Writing for the Manchester Evening News, Rodger Clark deemed the film "a fairly standard shock horror movie" and recommended it "only for avid horror fans."

===Modern assessment===
Following the film's first DVD release in 2002, Film Threat gave it an unfavorable review, writing, "The Initiation is the latest forgotten horror film to receive the Anchor Bay DVD treatment, and I'd be at a loss to tell you why." Film School Rejects, however, said the film "has all the hallmarks of being an awful movie without being an awful movie... it’s fun, and that should count for something." Eric Snider, writing for Film.com in 2012, gave the film a negative review, calling it "a bad movie with bad ideas that are badly executed," while TV Guide summarized the film as "boring slasher stuff," noting that "Top-billed [Vera] Miles and [Clu] Gulager barely appear in the film, which would make a terrifically dreadful double bill with the similar The Dorm That Dripped Blood (1983), also featuring Zuniga."

Film critic John Kenneth Muir writes in his book Horror Films of the 1980s, Volume 2 (2010) that "the popular 1980s slasher paradigm gets another muscular work-out in The Initiation, a film loaded with formula ingredients," deeming it a "competent but derivative slasher," but notes that the film's "hoped-for momentum never kicks in."

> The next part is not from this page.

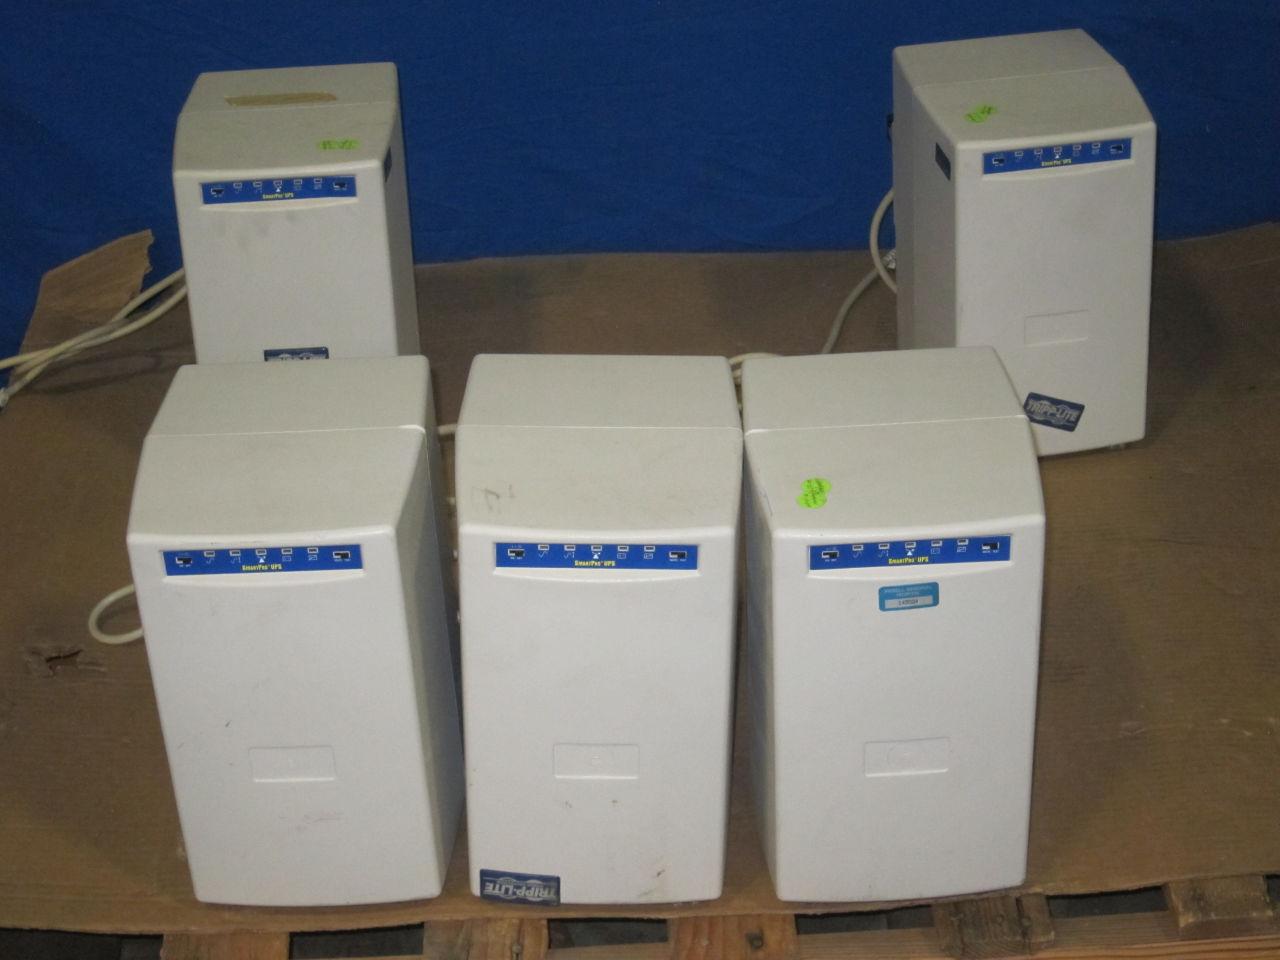 TRIPP-LITE Smart 700 HG  - Lot of 5 Uninterruptible Power Supply / UPS
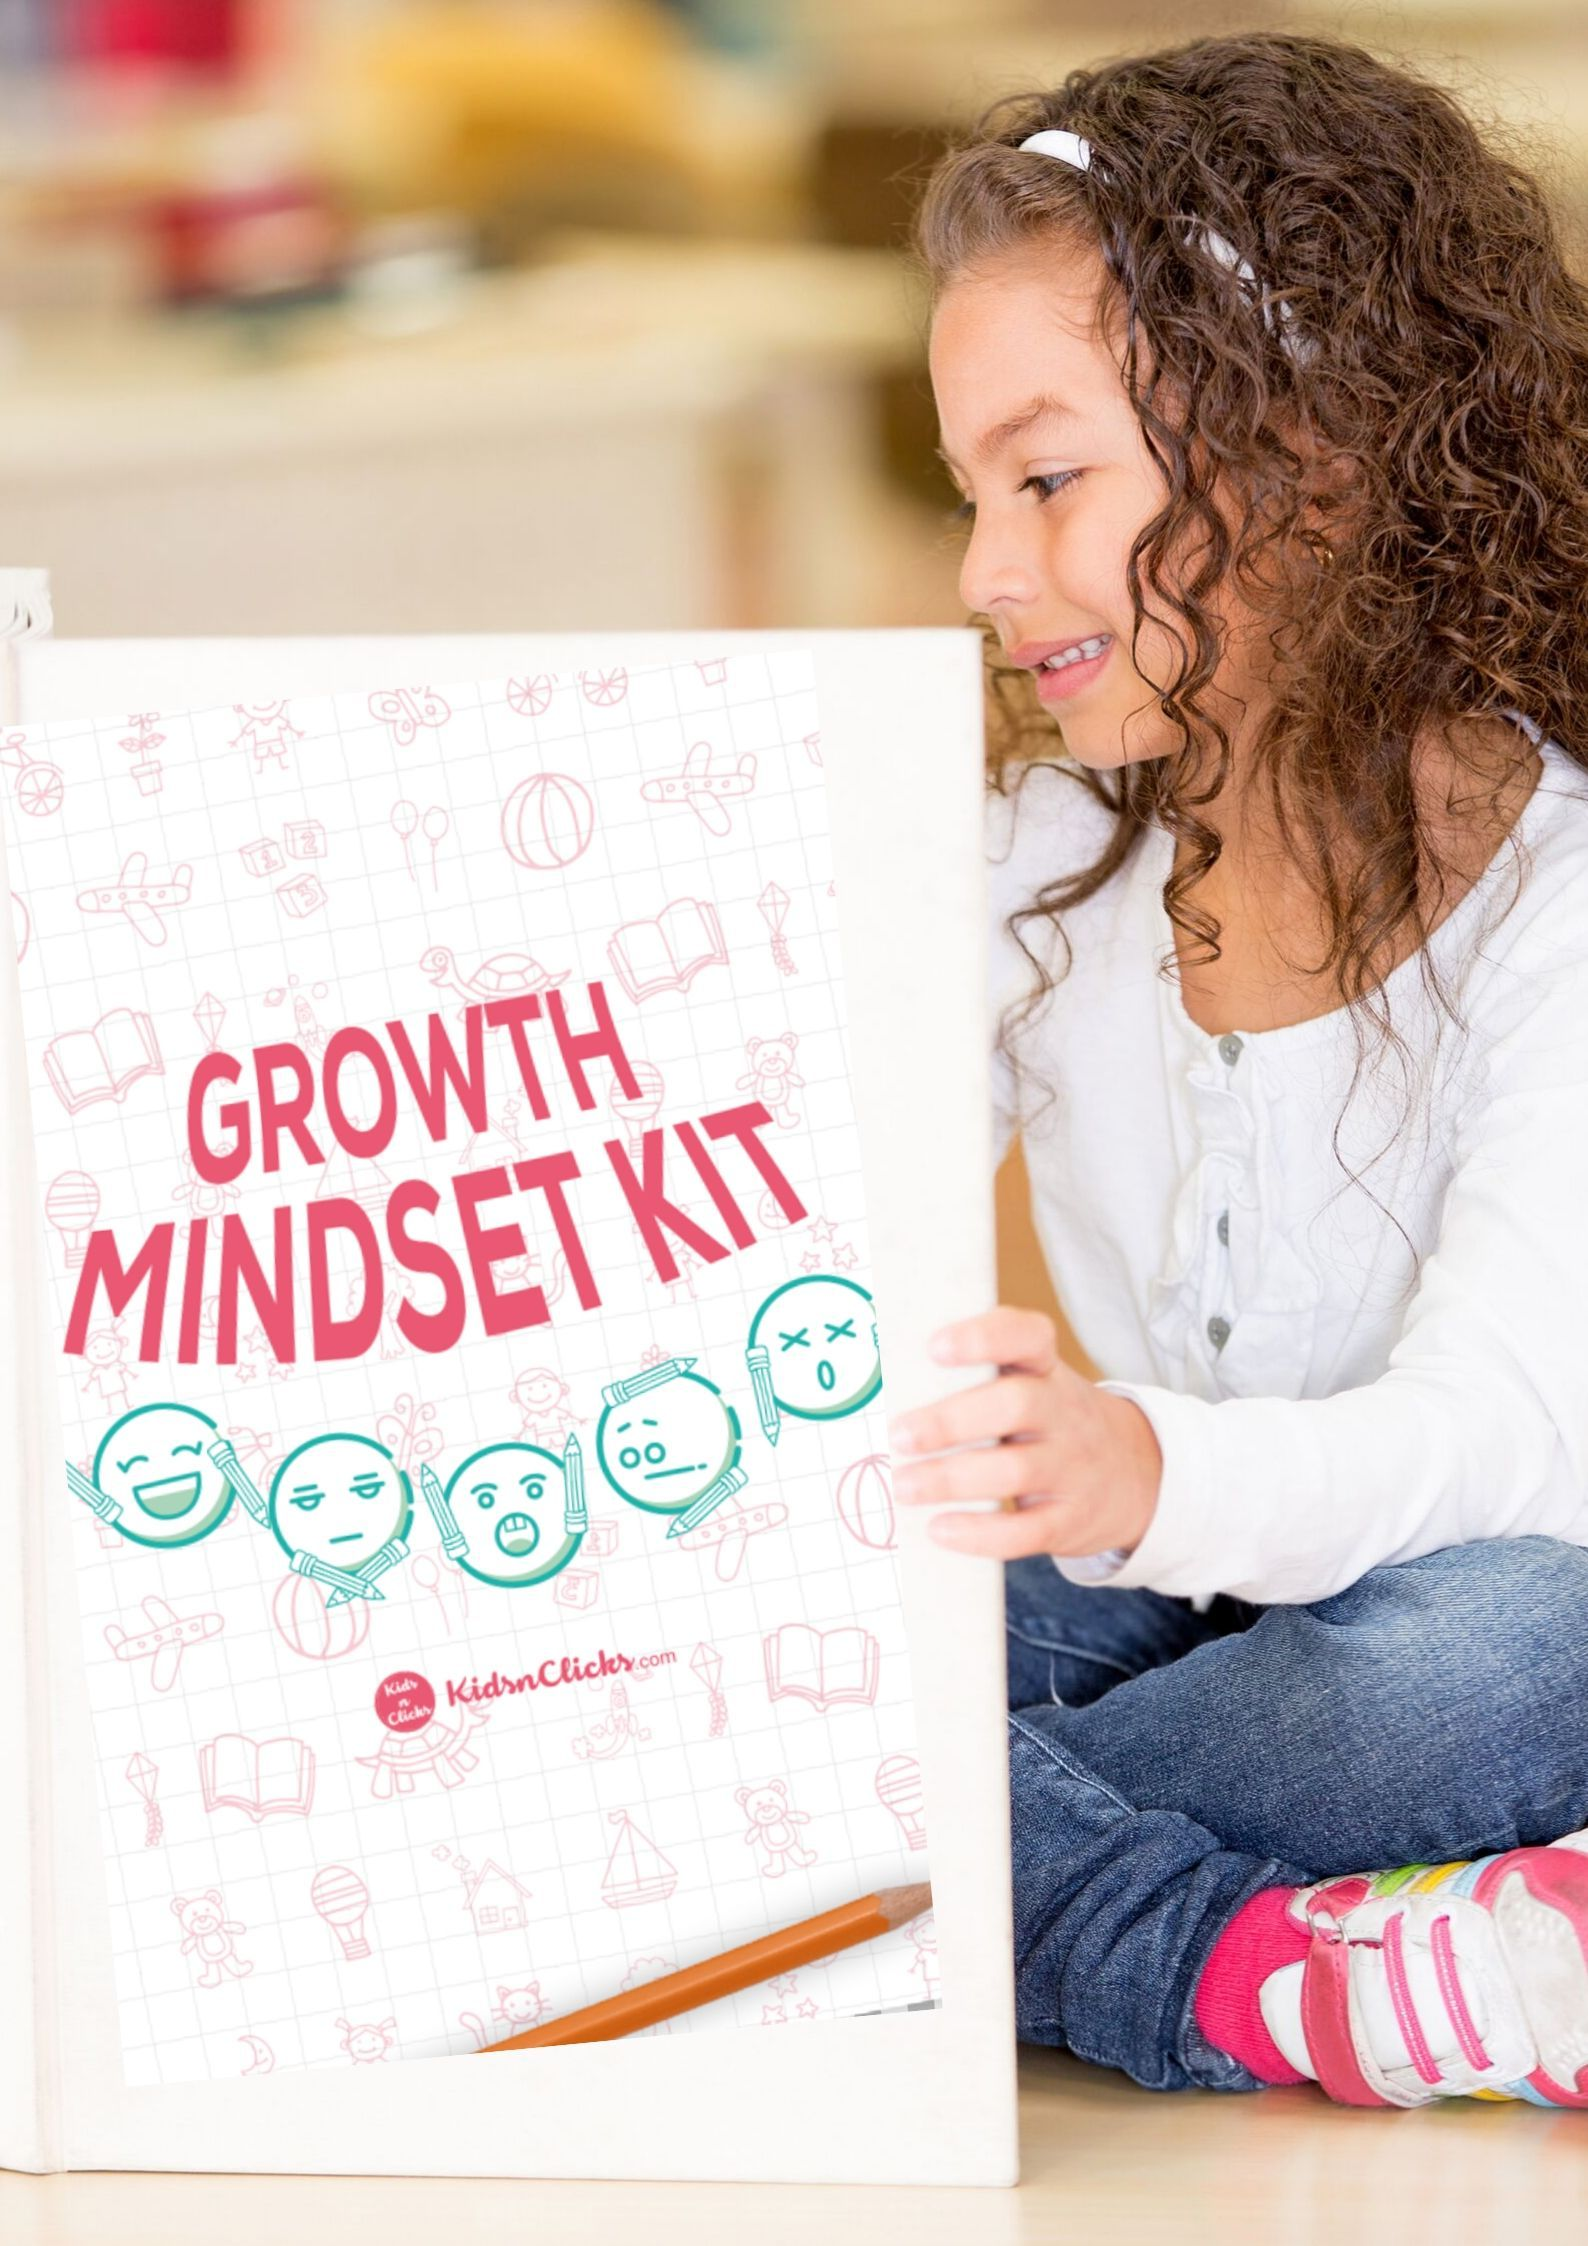 Growth Mindset Printables Kit 5 12 Years Old

Brian Collins, writing for the Alamo Drafthouse's film journal, Birth.Movies.Death., noted that the film "might be worth a look for slasher aficionados—it's far from a perfect film, but there are some unusual elements to it that give it enough personality to overcome its somewhat sluggish pace and TV movie-esque production." Dread Centrals Anthony Arrigo observed in a 2016 review "a surprising amount of character depth on display here, more so than similar pictures of the era."

In Legacy of Blood: A Comprehensive Guide to Slasher Movie, writer Jim Harper called the film a "lackluster effort that never quite lives up to the abilities of its cast," further noting: "Even with the soap opera ending, the film isn't entirely successful, mostly because of the terrible script. There's a wealth of unnecessary jargon and cheap dialogue, not to mention some notable inconsistencies. Zuniga does her best to rise above the bad material and turns in a great performance, but Gulager and Miles sleepwalk through their parts." Horror film scholar Adam Rockoff alternately notes in his book Going to Pieces: The Rise and Fall of the Slasher Film, that, "despite its proclivity for laughable dialogue and silly plot twists, [The Initiation] manages to be a fairly entertaining and occasionally frightening film."

Edge Media Networks Ken Tasho, when reviewing the film's 2016 Blu-ray release, praised it, noting: "The Initiation, while hardly original, takes elements from soap operas and dramas in its writing approach; it's a unique spin on the tried-and-true 1980's slasher formula." Max Deacon of Scream magazine wrote that the film may divide audiences, noting: "Director Larry Stewart does have some visual flair, filing the shots with typical Freudian images—mirrors are ubiquitous throughout—to reflect Kelly’s ever-fluctuating mindset. But where this film is won or lost is in the twist at the very end of the film, which will either be seen as shockingly innovative or entirely ridiculous depending on the viewer."

Irrespective of the film's critical reception, it has garnered a contemporary cult following.